夏本番、楽しい思い出を作るはずの季節にまた新型コロナの影が射しています。今でもできることや今だからできることを考えて、少しでも楽しい毎日を送っていただければと願っています。
さて、この連載では一貫して脳卒中の予防の大切さをお話してきました。自宅で家族と過ごす時間が多いこの時代だからこそ、健康な生活を維持する方法に興味を持っていただければ嬉しいです。
今回は、読者の皆様からのコメントひとつひとつを拝読する中で、ご質問の多かったものの一つ「脳ドックで認知症までわかるのか」にお答えします。
そもそも認知症とは、認知機能や知的能力が元の正常な状態から低下する状態を指しており、なにか特殊な検査で診断するものではなく、症状や病歴を元に判断します。認知症を疑う場合は、身体診察で歩行状態や筋肉の状態などを確認するとともに、認知機能などを客観的に評価するための簡単なテストやMRIなどの画像検査を行います。

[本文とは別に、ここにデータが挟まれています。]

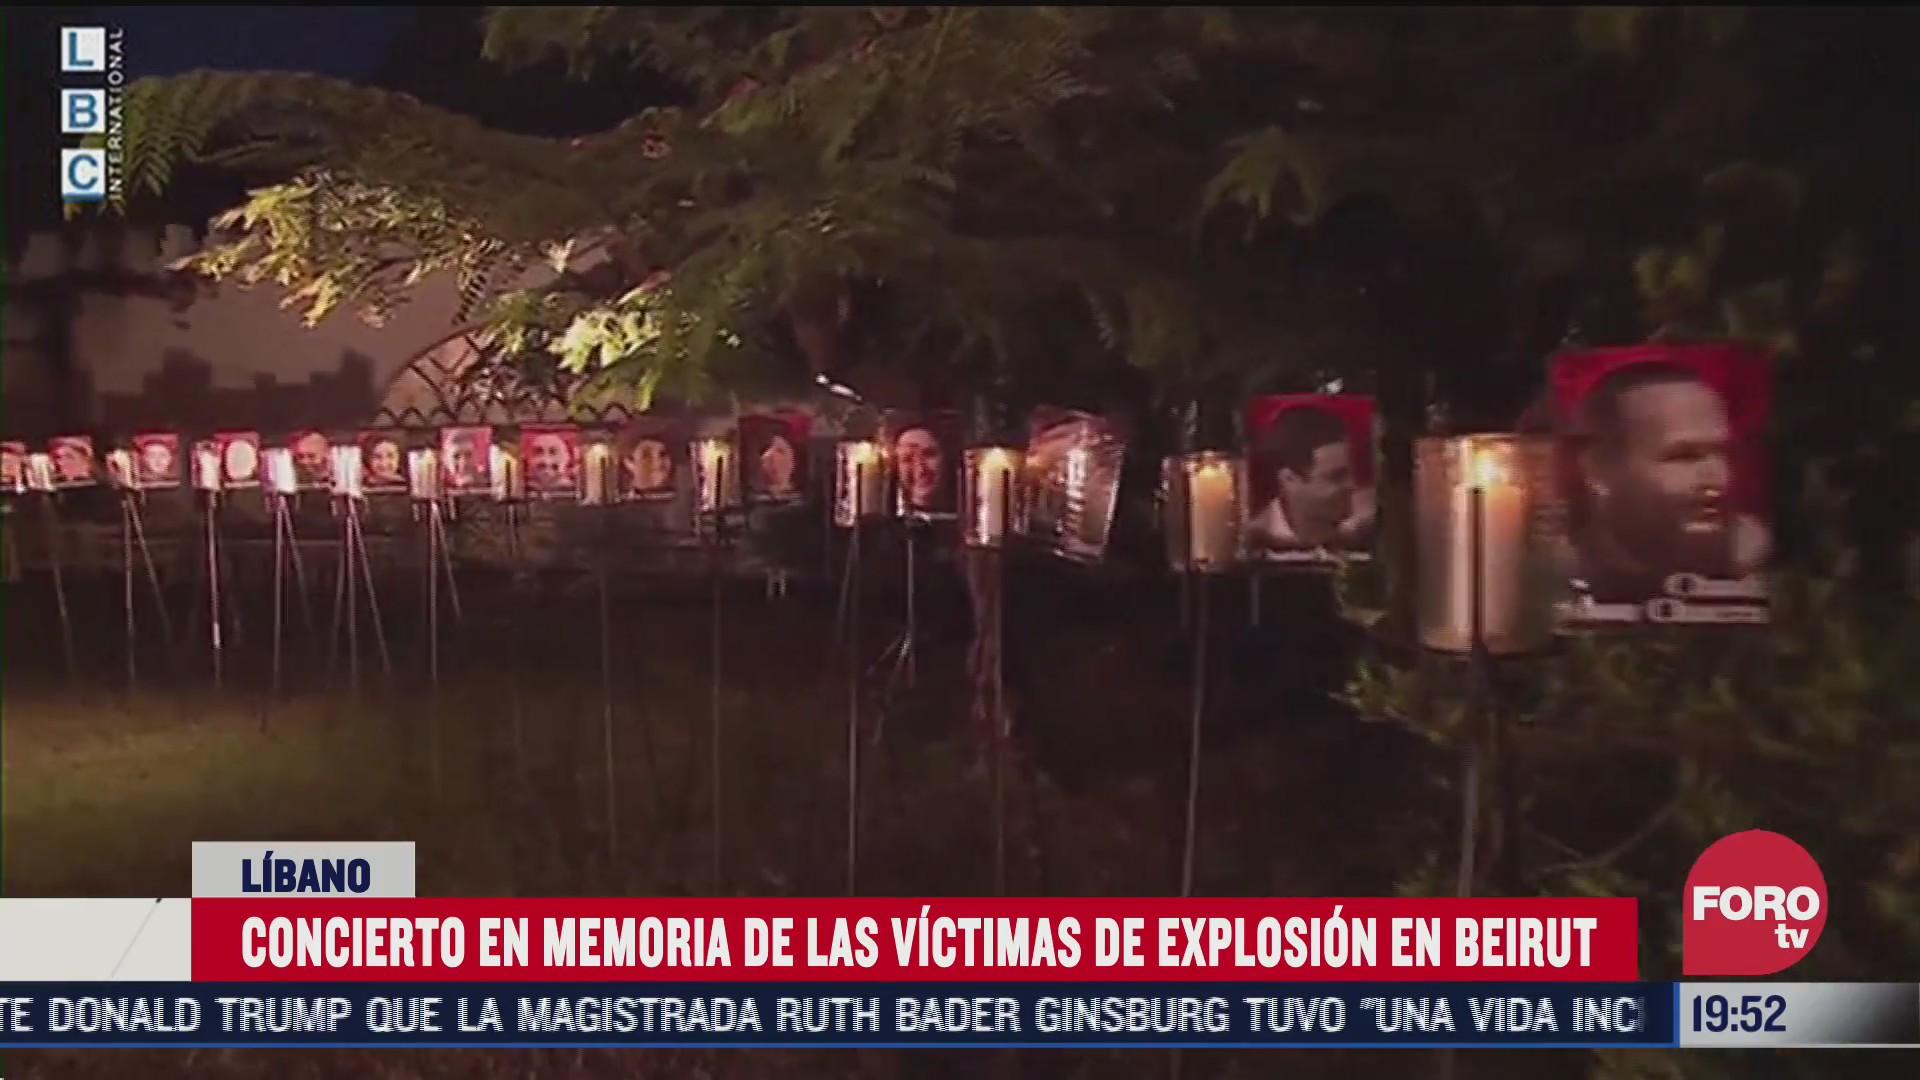 realizan concierto en memoria de victimas por explosion en beirut

こうした検査の目的は、特発性正常圧水頭症や慢性硬膜下血腫、脳腫瘍、脳梗塞、脳出血、あるいはその他の変性疾患など治療を行うべき疾患が原因になっていないかをチェックするためです。
甲状腺機能の異常など内科的な病気が原因となることもあれば、高齢者なら「うつの症状が認知症に見えている」ということも少なくありません。
これらの病気は、脳ドック単体では全ての検査項目を網羅しているわけではないので診断には至らないことがあるかもしれませんが、専門の医師がお話を伺い診察した時点で疑い、追加の検査を行って診断することができます。
つまり、症状がなければ認知症ではありませんし、症状がある場合は医師とお話する際にご相談いただければその時点で追加の検査を行い診断することができます。
ただし、症状がある場合は脳ドックではなく、保険診療での受診を強くお勧めします。